Multiple humans may be using multiple transcriptionist components
141. Over time, there will be a flow of audio data recordings
available for creating transcriptions from transcriber components
104 to data-and-transcription servers 130 and to transcriptionist
components 141. Likewise, there will be a flow of text
transcriptions from transcriptionist components 141 to
data-and-transcription servers 130 and back to transcriber
components 104. When a data-and-transcription server 130 informs a
transcriptionist component 141 that an audio data recording is
available, an audible beep or visual cue can alert the human
transcriptionist that an audio data recording is available, the
transcriptions-pending indicator 404 becomes greater than zero, and
the Grab Audio button becomes selectable. Since more than one human
at a time can "Grab Audio", the data-and-transcription server 130
decides which transcriptionist component 141 receives the audio
data and the other transcriptionist components 141 receive other
audio data or return to a waiting state. In a waiting state,
transcriptions-pending indicator 404 will be zero and the Grab
Audio data button will be unavailable.
[0060] When choosing a transcriptionist component 141 to receive
recorded audio data, a data-and-transcription server 130 may take
several factors into consideration. These factors may include past
measures of timeliness, cost, quality, and the like for the
transcriptionist component 141. These factors may also include
domain knowledge for a particular transcriptionist component 141,
including vocabulary and syntax for various application areas if
the transcriber component 104 makes this information available to
data-and-transcription server 130. Such factors can be matched with
information from a configurator 107 to optimize parameters related
to transcription for a given user.
[0061] A form of "bidding" system may be used to match
transcriptionist components 141. For example, some users may be
willing to pay more for faster turnaround, and higher rates might
entice faster service solutions. Possible user bidding parameters
include maximum acceptable fee, maximum wait desired for
transcribed text, maximum and minimum quality desired, domain area,
and the like. Possible transcriptionist component 141 bidding
parameters include minimum acceptable fee, nominal transcription
rate, nominal quality rating, areas of domain expertise, and the
like.
[0062] Transcriber component 104 may provide information to
data-and-transcription server 130 to alert transcriptionist
components 141 to potential activity and accommodate data flow. In
one embodiment, this information may include some or all of the
following alert levels: (1) the user is now using an application
105 that contains a text area 106; (2) the user has focused on a
text area 106; (3) the user has started to record data using
transcriber component 104 for a text area 106; and (4) the user has
requested transcribed text for recorded data (the request can be
automatic or manual based on a user settable parameter).

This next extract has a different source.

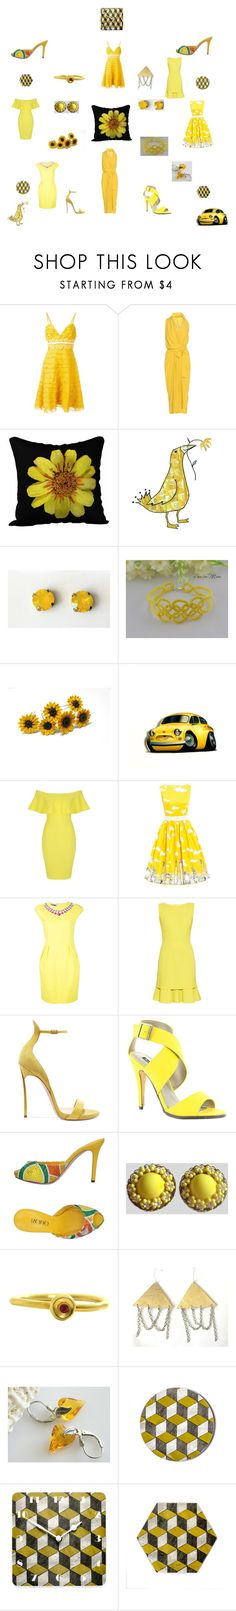 """Yellow Dresses Summertime"" by einder ❤ liked on Polyvore featuring Giambattista Valli, Rick Owens, Giallo, Jane Norman, Moschino, Oscar de la Renta, Casadei, Michael Antonio and Rodo"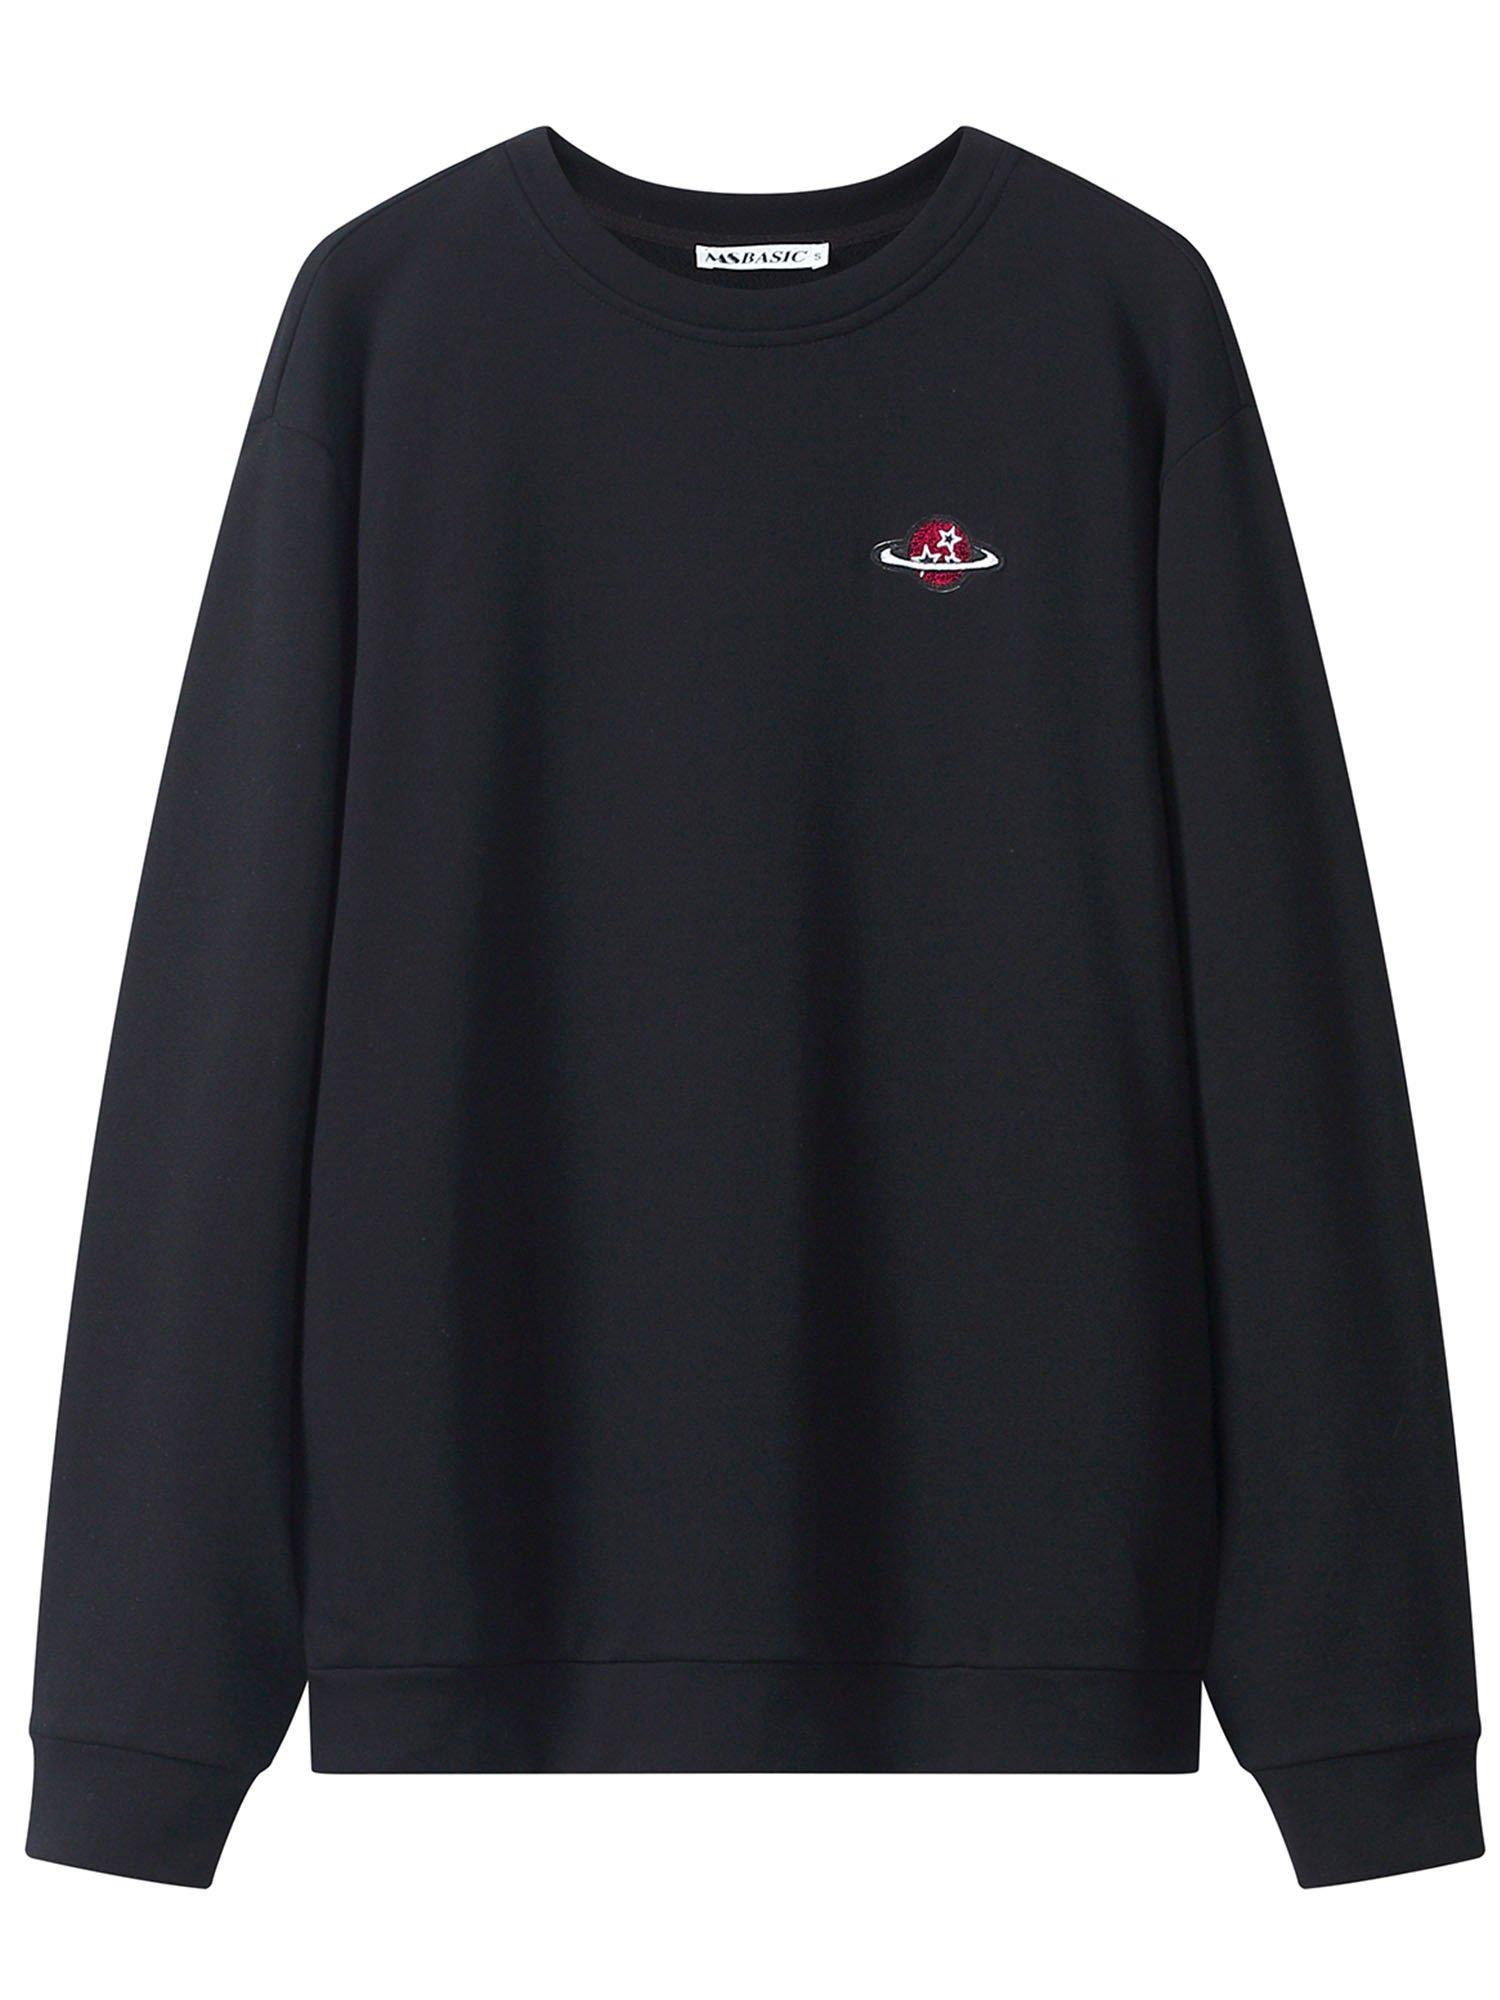 MSBASIC Ladies Sweatshirts, Cute Sweatshirts for Women L

[0063] There are many alternative implementations of the
transcriptionist component 141, including a fully automatic machine
transcription system, a human-verified machine transcription
system, a manual transcription system, a human-verified manual
transcription system, a Web service connecting to a traditional
transcription service, and the like.
[0064] As previously discussed, many automatic machine
transcription systems perform best when trained on the vocabulary
and syntax of a target domain. Other relevant training factors
include audio data recorded using a particular microphone from a
particular hardware system and possibly from a specific user. Over
time, significant amounts of audio data recording and associated
transcriptions may be collected by data-and-transcription servers
130. When sufficient data is collected for a target domain, this
data may be used to create or improve automatic machine
transcription systems specialized for a given target domain. Thus,
some embodiments may operate initially with the aid of humans and,
over time, migrate by degrees to a fully automatic system, while
retaining the same system design.
[0065] Application Support: As previously described, application
host 102 may be a Web browser in some embodiments. In other
embodiments, application host 102 may be any application that
contains one or more text areas 106 and connects the data in those
text areas to a content database 121 or data store in general. In
such cases, transcriber component 104 may integrate with
application host 102 to generally support text and data entry into
text areas 106 for applications 105.
[0066] A text area 106 may be embodied as an HTML textarea element,
an input element, or any other construct that can contain text. If
application host 102 is not a Web browser, then text area 106 may
be any component of application host 102 that can contain or store
text.
[0067] Stand-Alone Operation: As previously discussed, in some
cases, client computer 101 may not be connected to network 150 or
to other computers at all times. client computer 101 may, for
example, be a mobile device (e.g., a laptop, netbook, mobile phone,
game device, personal digital assistant, and the like). When client
computer 101 is not connected to network 150, content server 120,
content database 121, data-and-transcription server 130, and
data-and-transcription database 131 may all reside on client
computer 101. In some embodiments, when client computer 101 obtains
a connection to network 150, client computer 101 may transmit data
from local to remote versions of content server 120 and
data-and-transcription server 130, providing audio data and
retrieving transcribed texts from transcriptionist component
141.
[0068] Transcriptionist Location Options: As also discussed above,
transcription computer 140 may be the same as client computer 101.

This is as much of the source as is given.